Many problems in computer science naturally require finding some optimum structure in discrete objects like strings, graphs and circuits. Discrete optimization is the study of such computational problems, and it plays a key role in various applied areas like logistics, bioinformatics, chip design, and machine learning.
One of the most successful approaches for solving such problems is via continuous methods. Here, one first considers a tractable “continuous relaxation” for the discrete problem, and then uses some “rounding technique”, often based on geometry or probability, to extract a good discrete solution from the continuous information.

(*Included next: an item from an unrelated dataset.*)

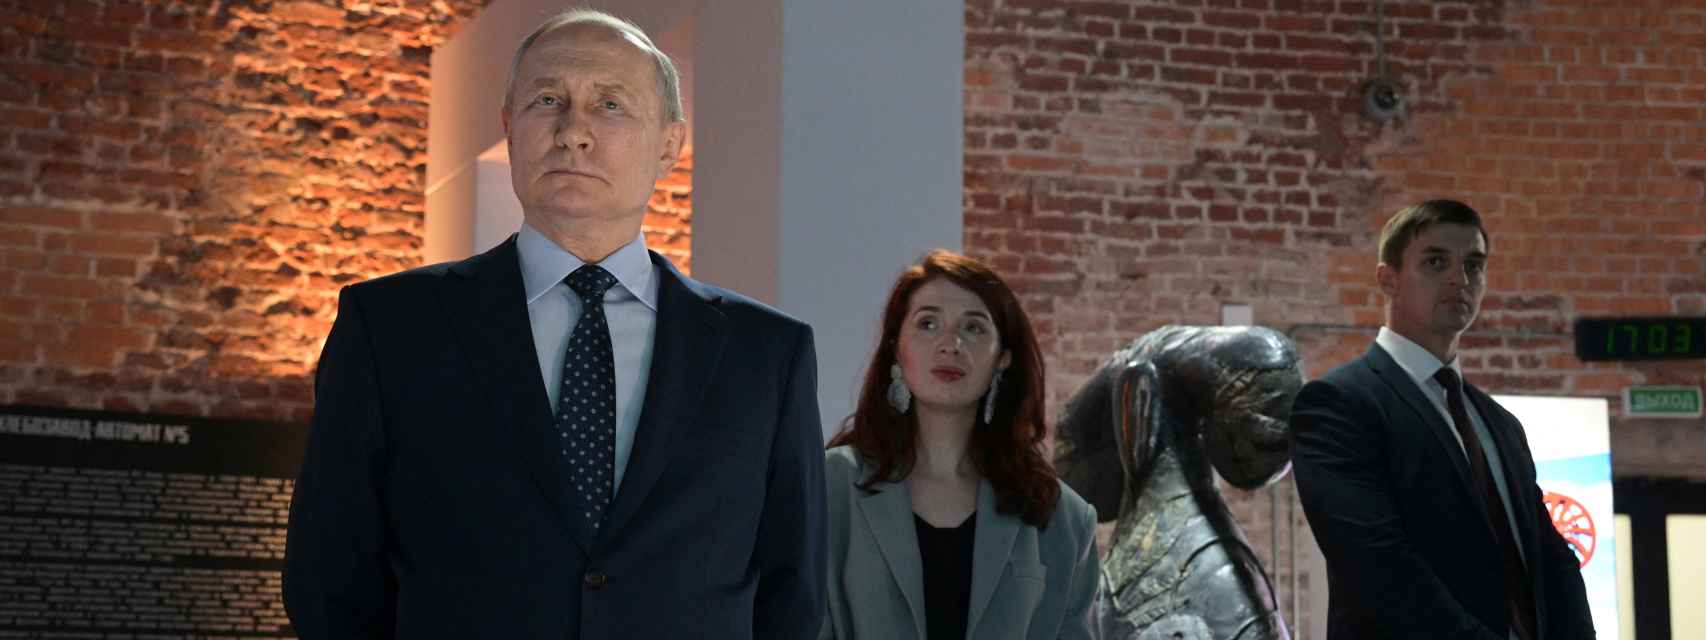 Putin en una exhibición en Moscú.

Despite much progress, our understanding of these methods is still quite limited: (i) most rounding approaches are problem-specific, and we lack a unified theory and methodology, (ii) the strength and applicability of powerful new relaxation approaches is barely understood, and (iii) for several fundamental optimization problems, large gaps exist between the known upper and lower bounds on how well they can be solved.
Here, we propose several promising new ideas and directions for future progress, based on our recent work and other impressive developments in the field at interface between discrete and continuous mathematics.
In particular, we will develop new unified rounding techniques that are applicable to a wide class of problems, by building on the connections between rounding and discrepancy theory. The area of algorithmic discrepancy, initiated by us, and has already led to several breakthrough results.
We also explore several very powerful recent approaches for relaxations based on hierarchies, stable polynomials and matrix norms. We will develop techniques to use them in novel ways to resolve several long-standing questions, and problems arising in new emerging applications in theoretical computer science and discrete optimization, where the current approaches fail.